Bonta’s workplace mentioned that previous to the imposition of the brand new price, employers may anticipate to pay between $960 and $7,595 in “regulatory and statutory charges” per H-1B visa, primarily based on the precise value to the federal government of processing the request and doc, as meant by Congress.

The Trump administration, Bonta’s workplace mentioned, issued the brand new price with out going by means of legally required processes for amassing outdoors enter first, and “with out contemplating the complete vary of impacts — particularly on the availability of the crucial providers by authorities and nonprofit entities.”

The arguments echo findings by a decide in a separate case years in the past, after Trump tried to limit many such visas in his first time period.
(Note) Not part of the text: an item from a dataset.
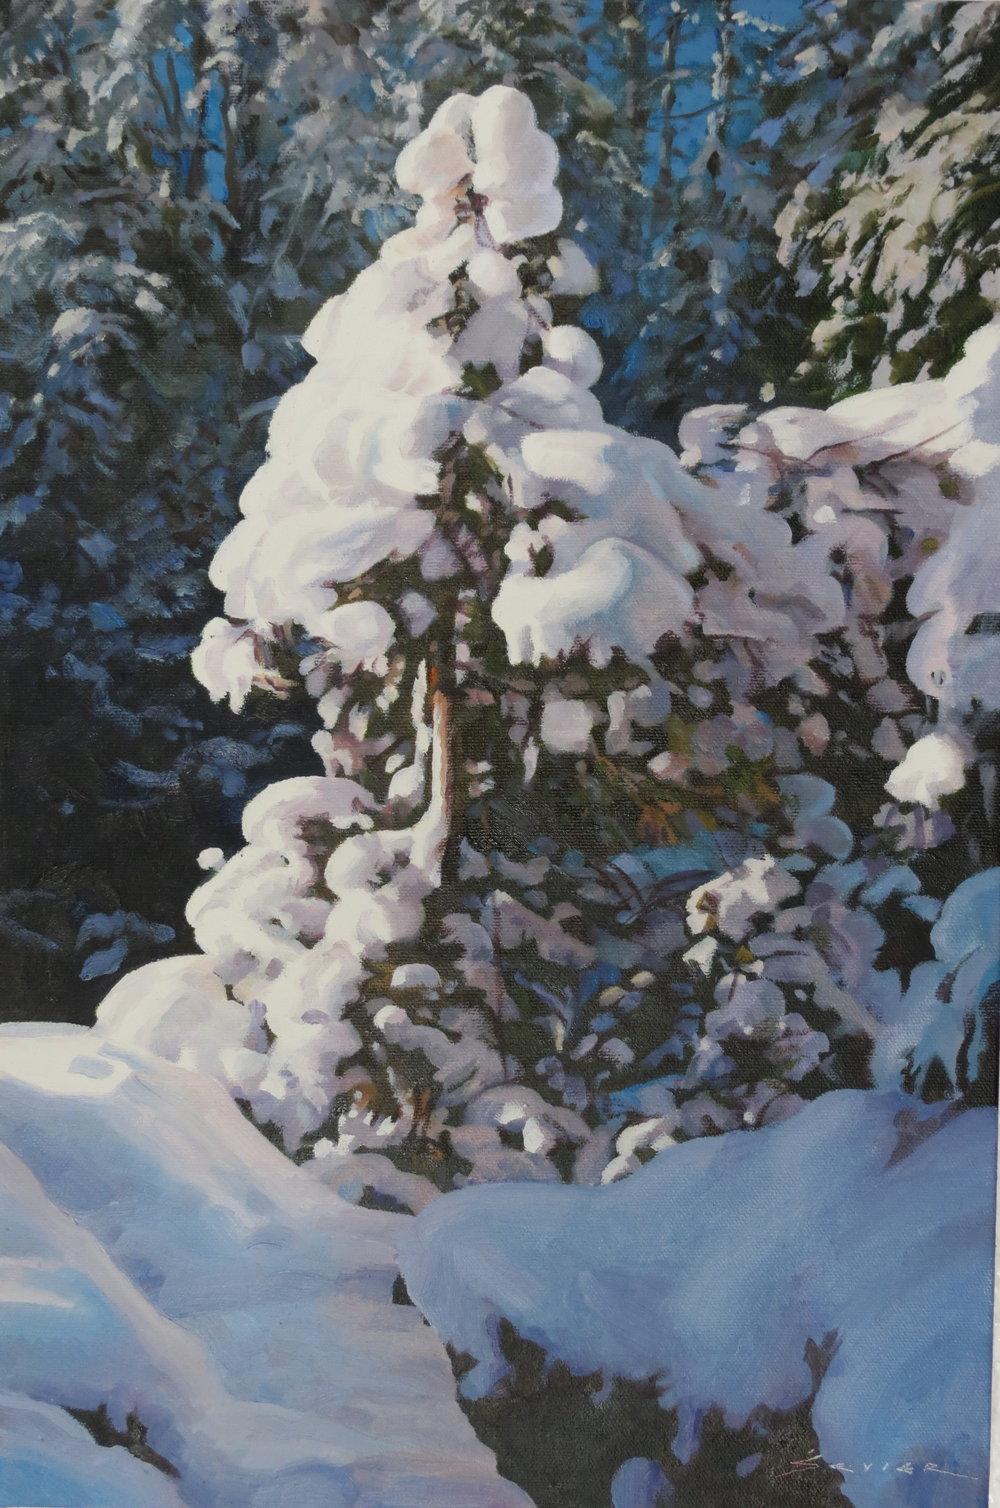 New Snow, 18 x 12, oil
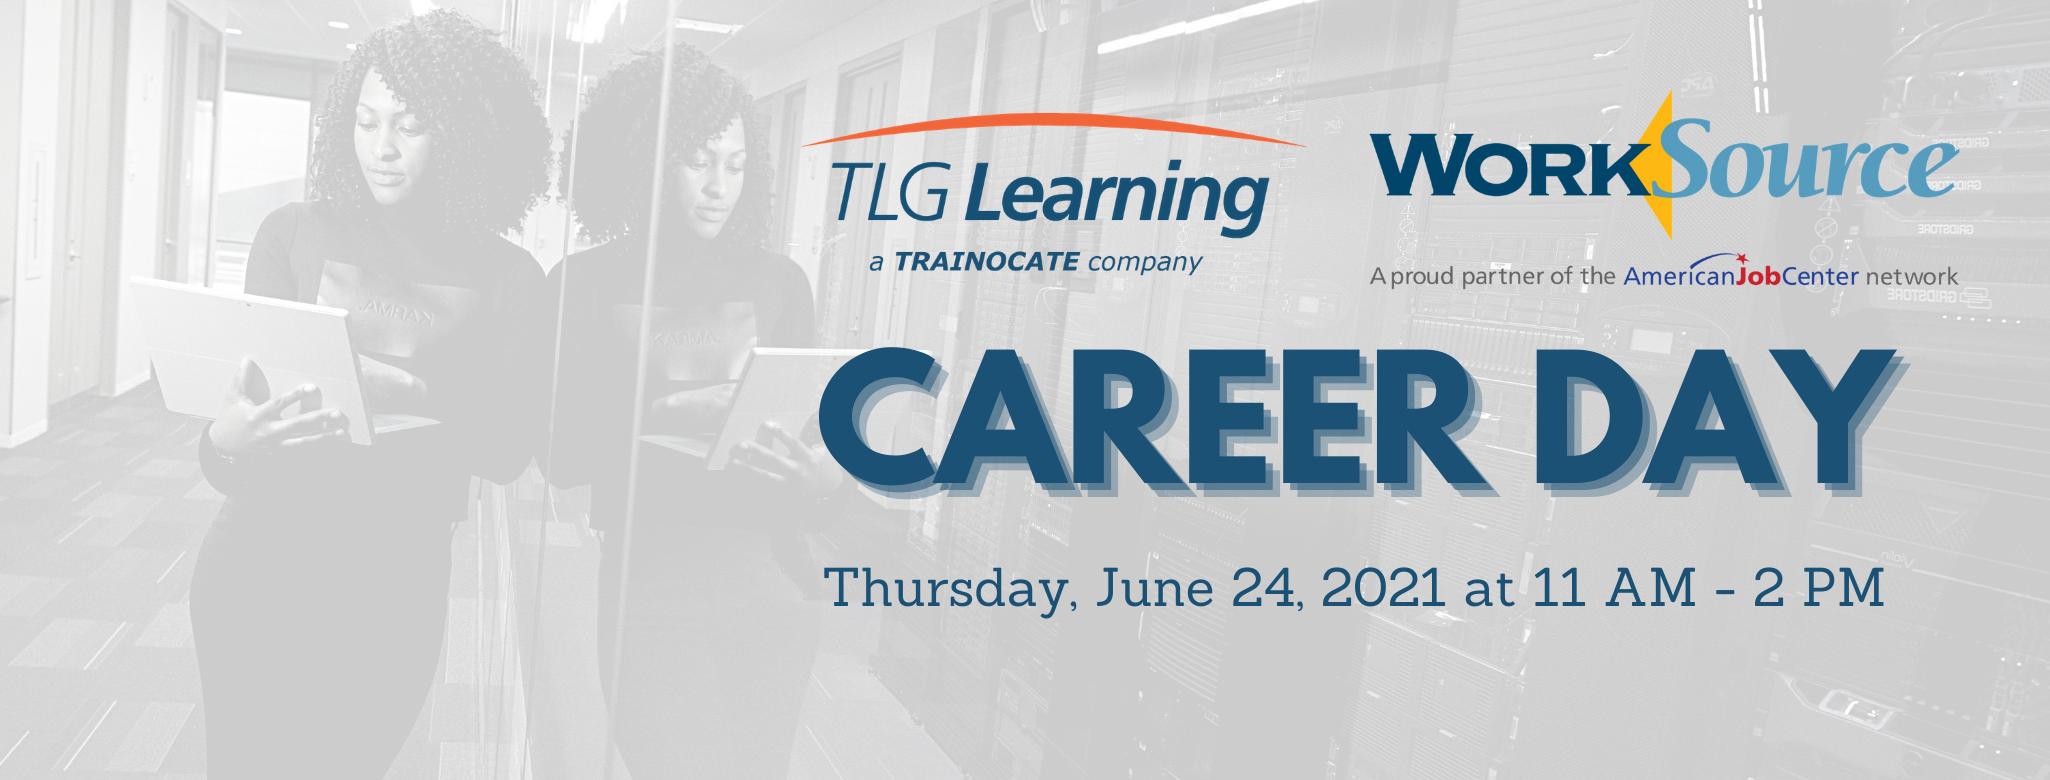 WorkSource Career Day Header 2021-06-24

A decide in that case — introduced by the U.S. Chamber of Commerce, the Nationwide Assn. of Producers and others — discovered that Congress, not the president, had the authority to vary the phrases of the visas, and that the Trump administration had not evaluated the potential impacts of such a change earlier than implementing it, as required by legislation.

The case grew to become moot after President Biden determined to not renew the restrictions in 2021, a transfer which tech firms thought of a win.

Becoming a member of within the lawsuit — California’s forty ninth towards the Trump administration within the final yr alone — are Arizona, Colorado, Connecticut, Delaware, Hawaii, Illinois, Maryland, Massachusetts, Michigan, Minnesota, North Carolina, New Jersey, New York, Oregon, Rhode Island, Vermont, Washington and Wisconsin.